*Record excerpts*:
◇ ◇ ◇ ◇ ◇ ◇ ◇

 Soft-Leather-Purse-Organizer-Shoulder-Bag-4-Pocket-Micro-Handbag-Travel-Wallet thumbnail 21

◇ ◇ ◇ ◇ ◇ ◇ ◇

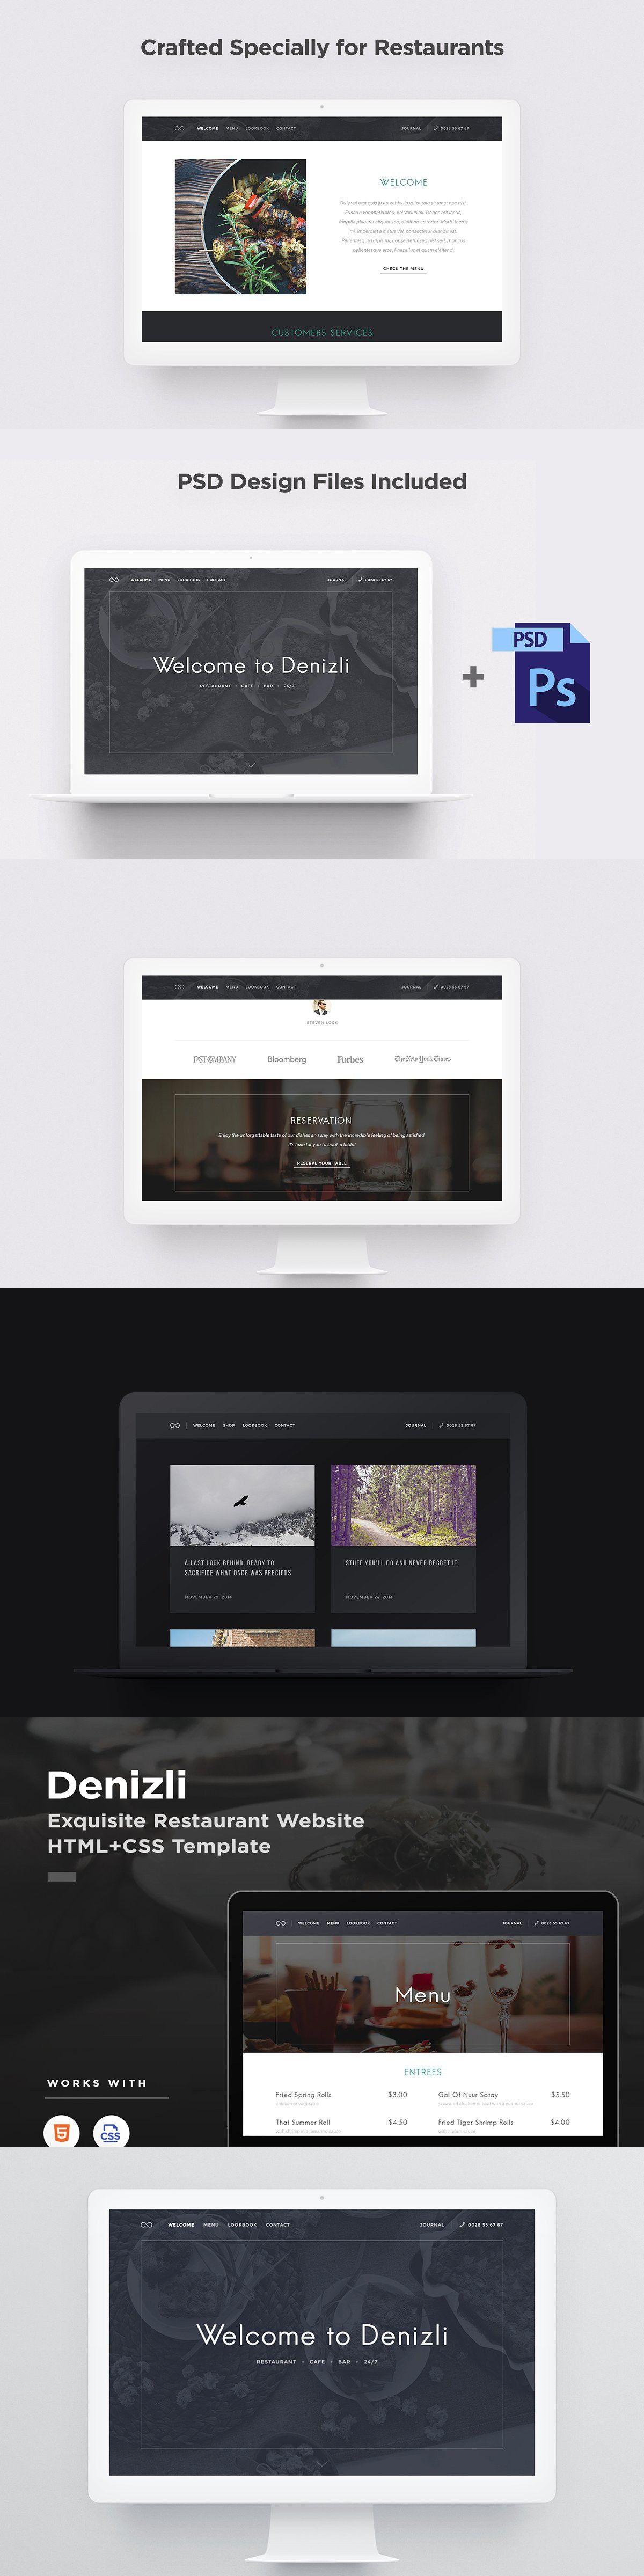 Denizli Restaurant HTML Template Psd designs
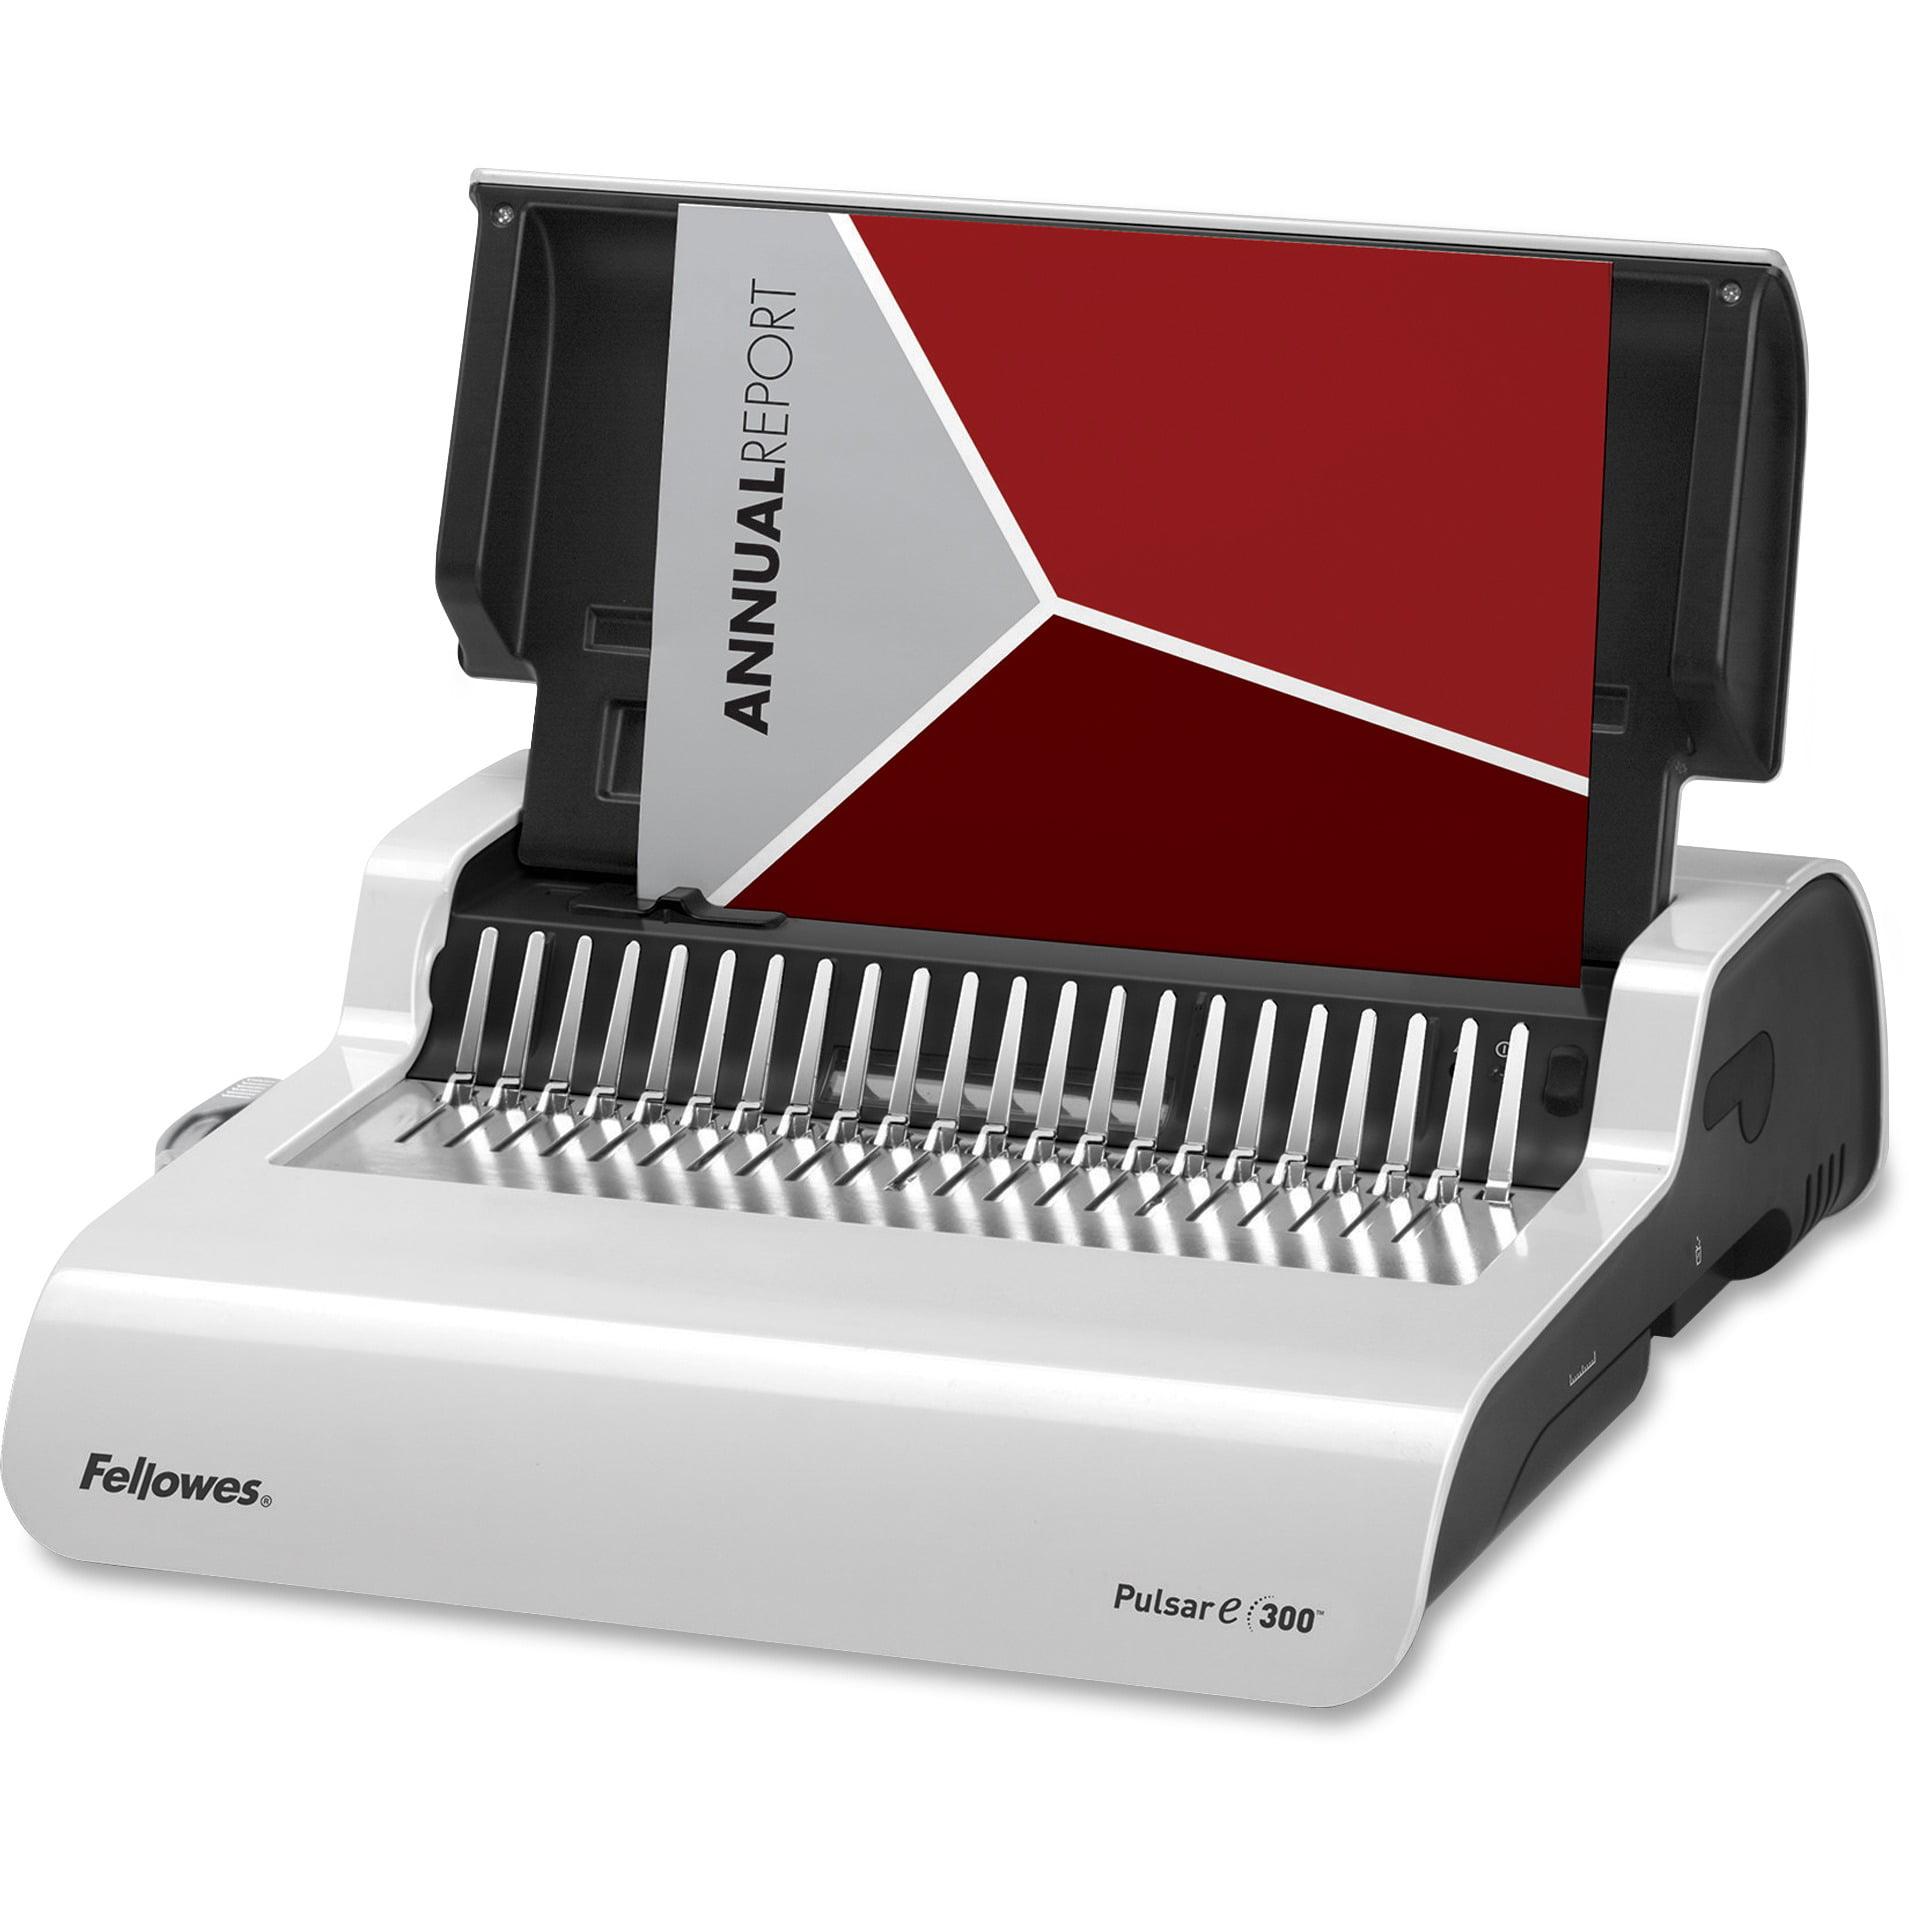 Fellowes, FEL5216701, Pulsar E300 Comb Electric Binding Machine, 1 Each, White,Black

◇ ◇ ◇ ◇ ◇ ◇ ◇

*Task to carry out*:
Return word for word the lines of the listing above, starting at the line with "Denizli Restaurant HTML Template Psd designs" and ending at the line with "Fellowes, FEL5216701, Pulsar", both included. Pictures do not belong in the copy.

*Response box*:
 Denizli Restaurant HTML Template Psd designs
 Fellowes, FEL5216701, Pulsar E300 Comb Electric Binding Machine, 1 Each, White,Black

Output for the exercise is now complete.